Остановлюсь еще на одном моменте у Серова. Наш уважаемый композитор и критик несколько раз сравнивает Флотова с Верди, находя некоторые стилистические параллели между ними. Это само по себе не столь уж и плохо для Флотова. Но при этом пользуется Серов такими формулировками: «влияние грубых приемов Верди», «влияние флотовской музыки, в строгом смысле, столько же вредно для искусства, как и влияние Мейербера и Верди». Оставляя на совести автора эти эпитеты, отмечу, что сам по себе некий вердиевский дух у Флотова действительно прослеживается, но не как эпигонство, а как ощущение атмосферы времени (это уже было отмечено выше в характеристике романтико-комической оперы). Кстати, и автор примечаний к статье Серова возражает против упреков в прямом подражательстве Флотова: «Марта» была поставлена в 1847 г., когда влияние Верди было еще не столь ощутимо» (Г.Хубов).

Итак, жанрово-стилистическая характеристика «Марты» и тип ее музыкально-драматического строения эскизно обозначены (см. также главы 1 и 4). Вот как это выглядит в резюмированном виде: «Марта» - романтико-комическая опера, национальные немецкие черты которой в жанровом отношении в значительной степени отретушированы французским комическим духом, а в музыкальном – итальянской интонацией и сквозным мелодизированным развитием.

* * *

Теперь проследим за музыкально-тематическим материалом опуса в порядке его временнóго развертывания.

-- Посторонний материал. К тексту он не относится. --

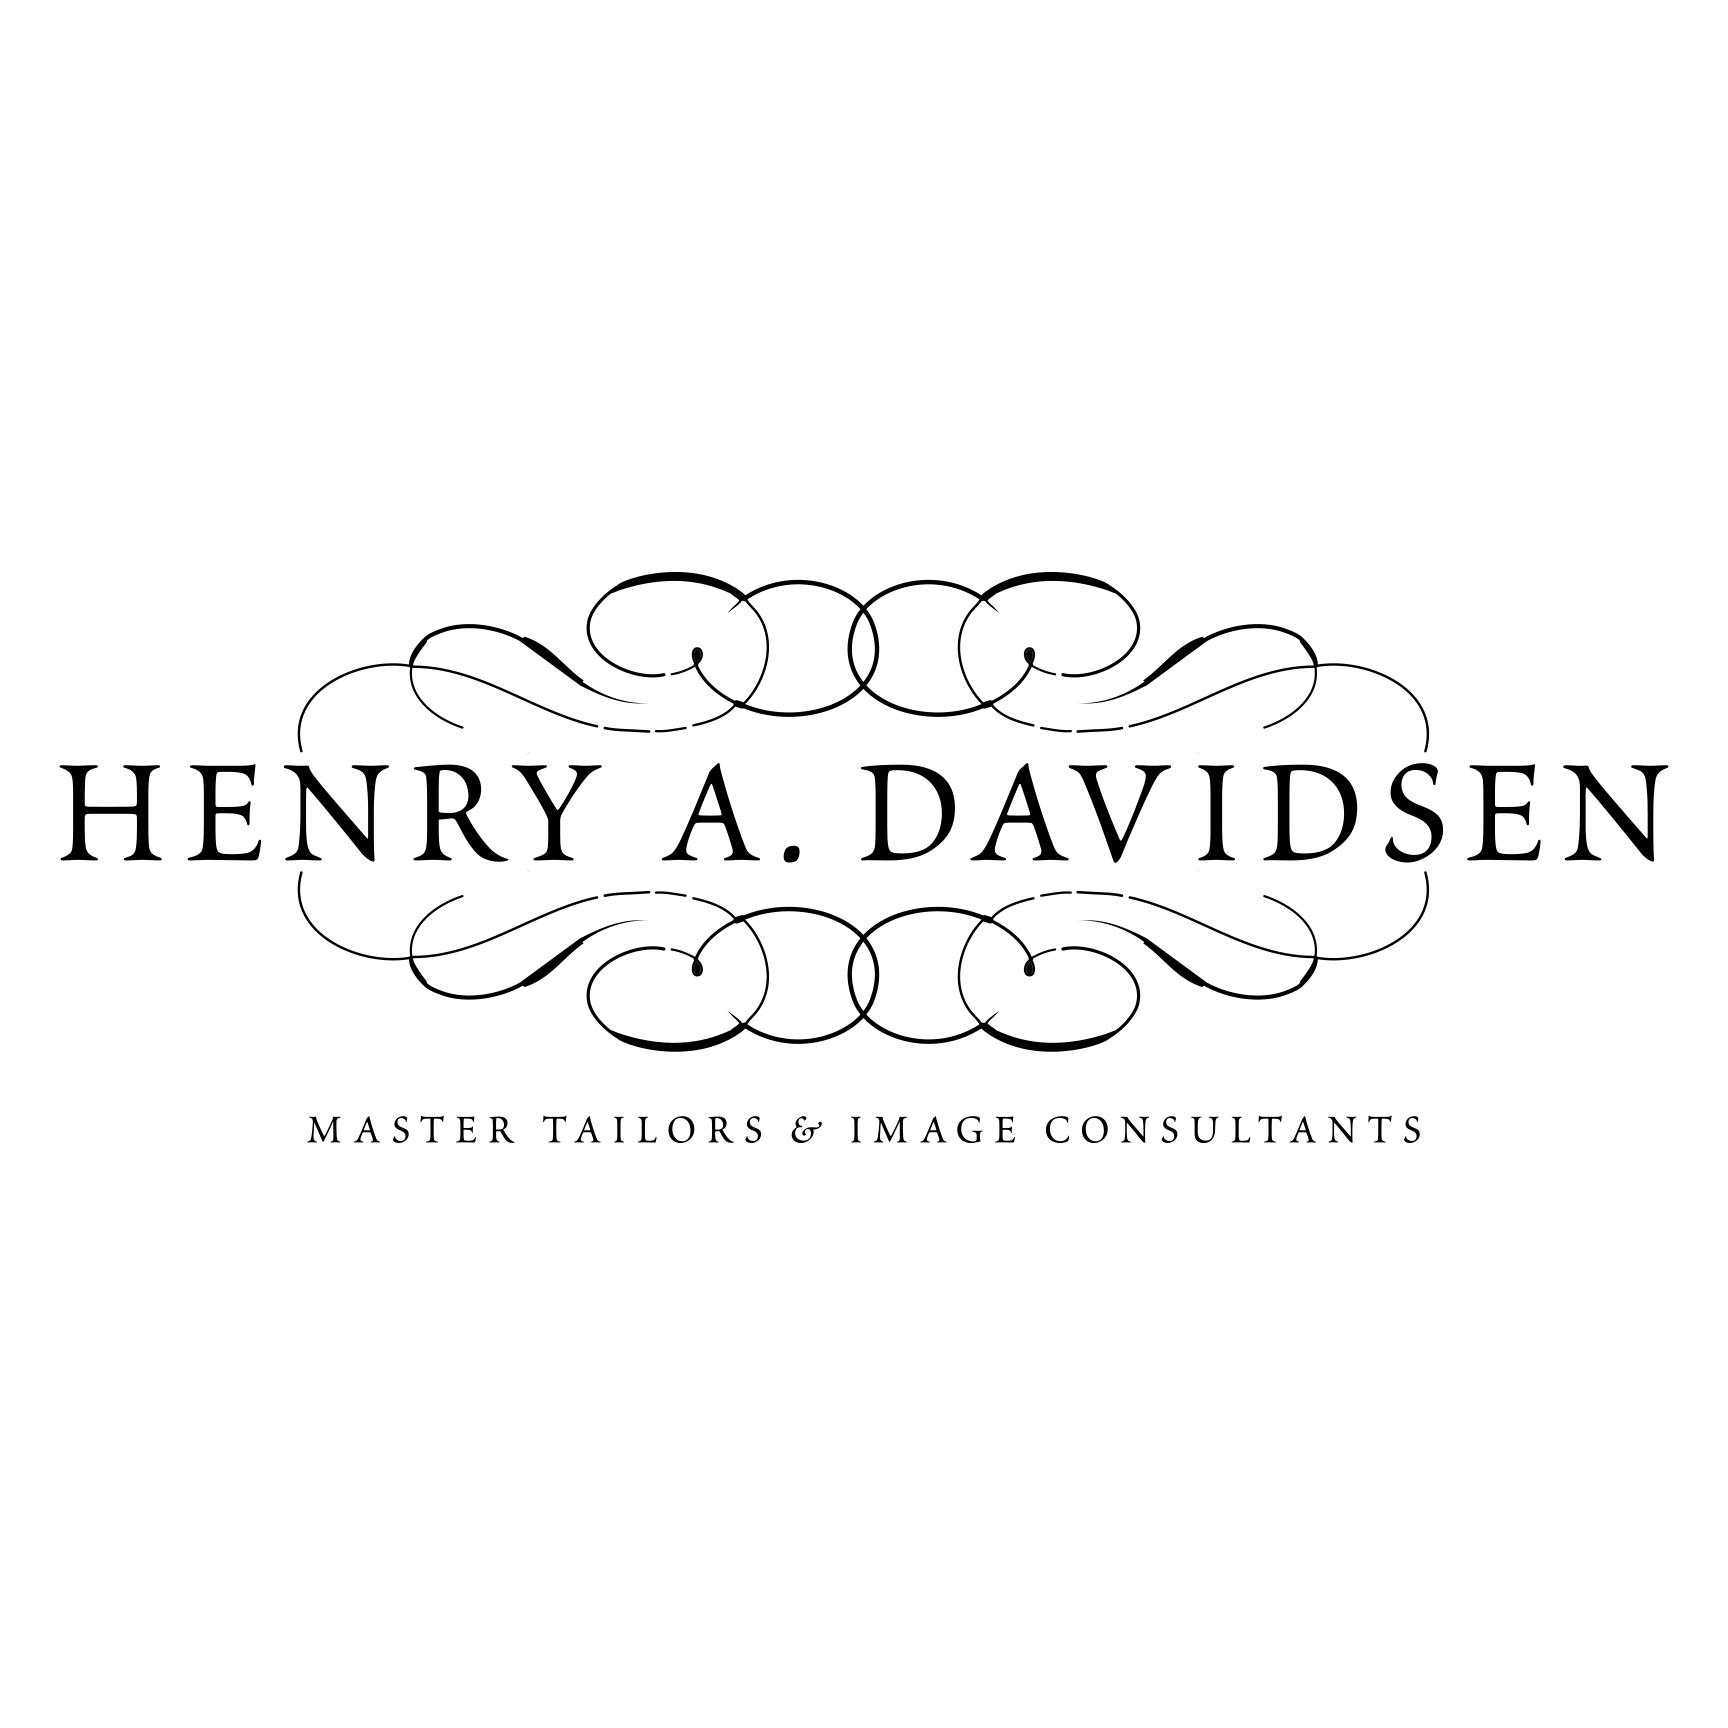 HenryADavidsenTailor_logo.jpg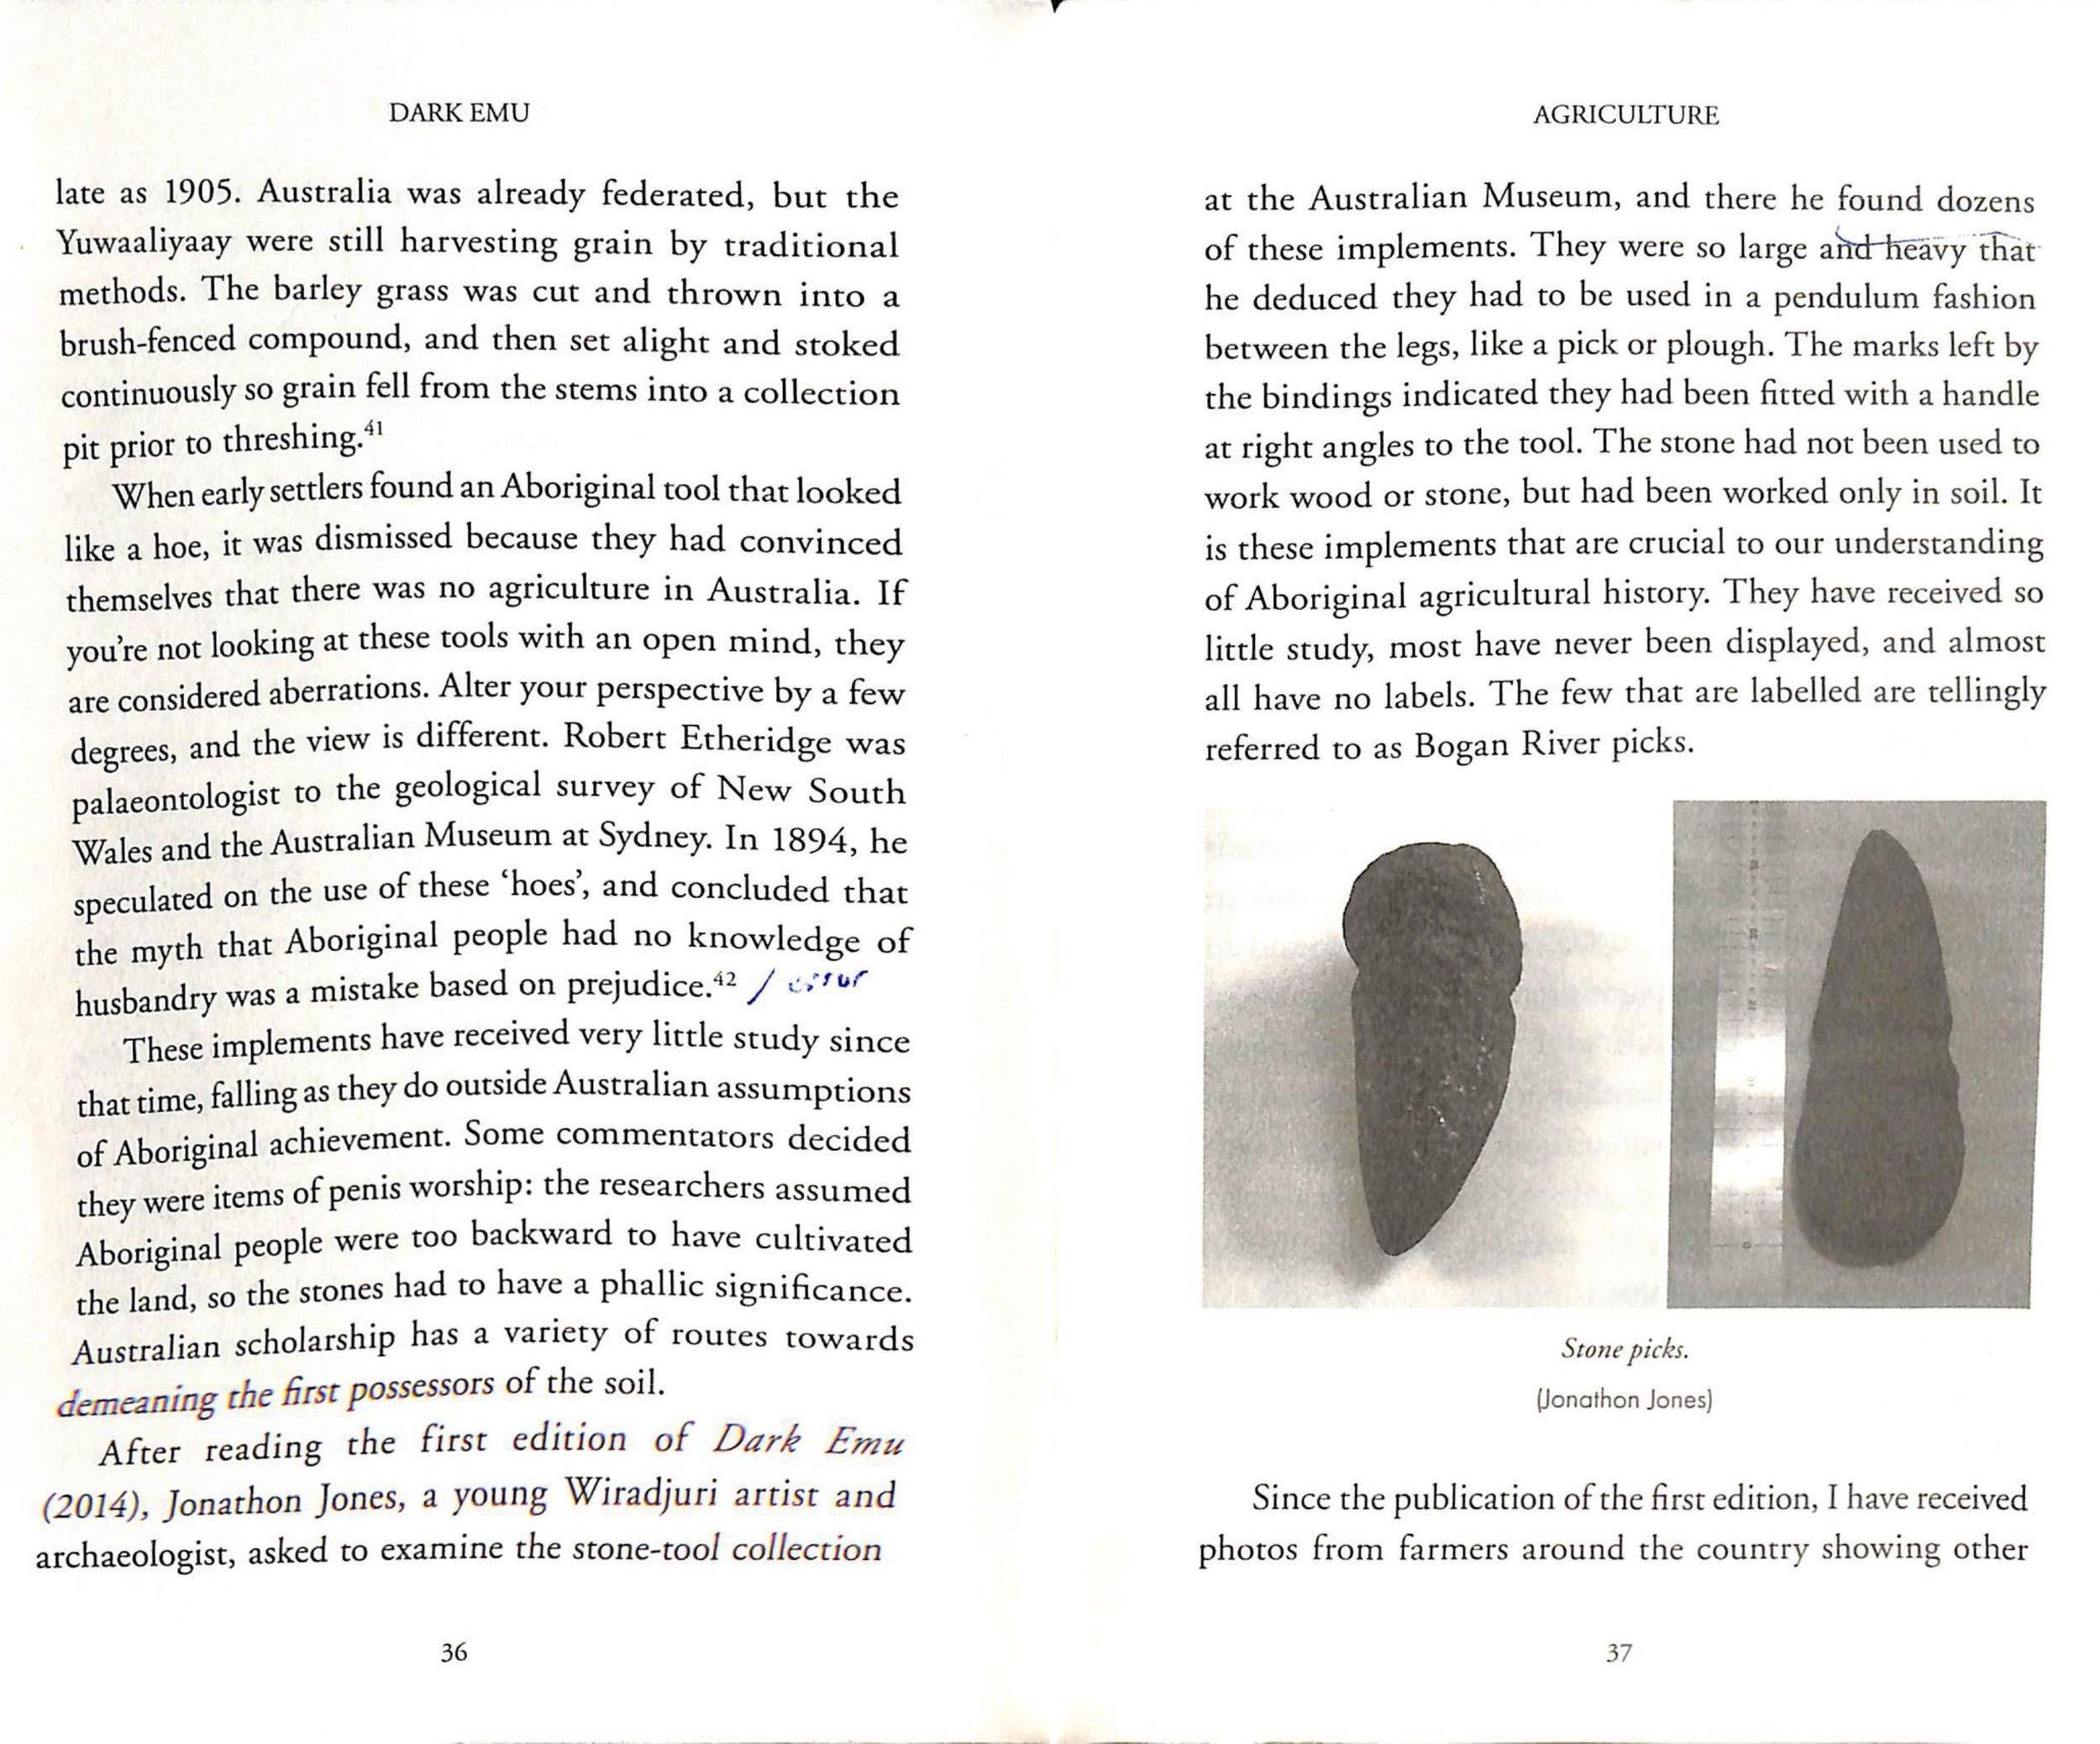 - Excerpt from Dark Emu regarding Etheridge's stone picks.

Увертюра написана в довольно свободной форме сюитного типа с интригующе торжественным медленным вступлением. Цельная конструкция типа сонатного allegro в ней отсутствует. Единственный раз здесь можно согласиться с Серовым, что таким образом создается «общее впечатление все-таки поппури». Да, однако весьма театральное! Тематически увертюра построена частично на оригинальном материале, частично на двух важнейших темах оперы. Это величаво-возвышенная мажорная мелодия уже упоминавшегося квинтета из финала 3-го акта Mag der Himmel Euch vergeben (Да простит вас небо) и призывная «ярмарочная» тема хора батрачек Wohlgemut, junges Blut (Бодрая, младая кровь) из 1-го акта. Еще одна важная тема (оригинальная) носит оживленный экспозиционный россиниевский характер и отличается яркой театральностью и драйвом. Флотов как бы напоминает нам – будет «жарко», но не забывайте, что вы в оперном театре!

1-й акт состоит из 2-х картин и начинается с оркестрового зачина, интонационно перекликающегося с харизматической арией Лионеля и переходящего в хор служанок. Если уж искать какие-то музыкальные параллели, то в этом хоре ощущаются элегическое настроение и ритмы знаменитой баркаролы Оффенбаха, написанной много лет спустя для оперы «Рейнские русалки» (1864), а затем вошедшей в «Сказки Гофмана».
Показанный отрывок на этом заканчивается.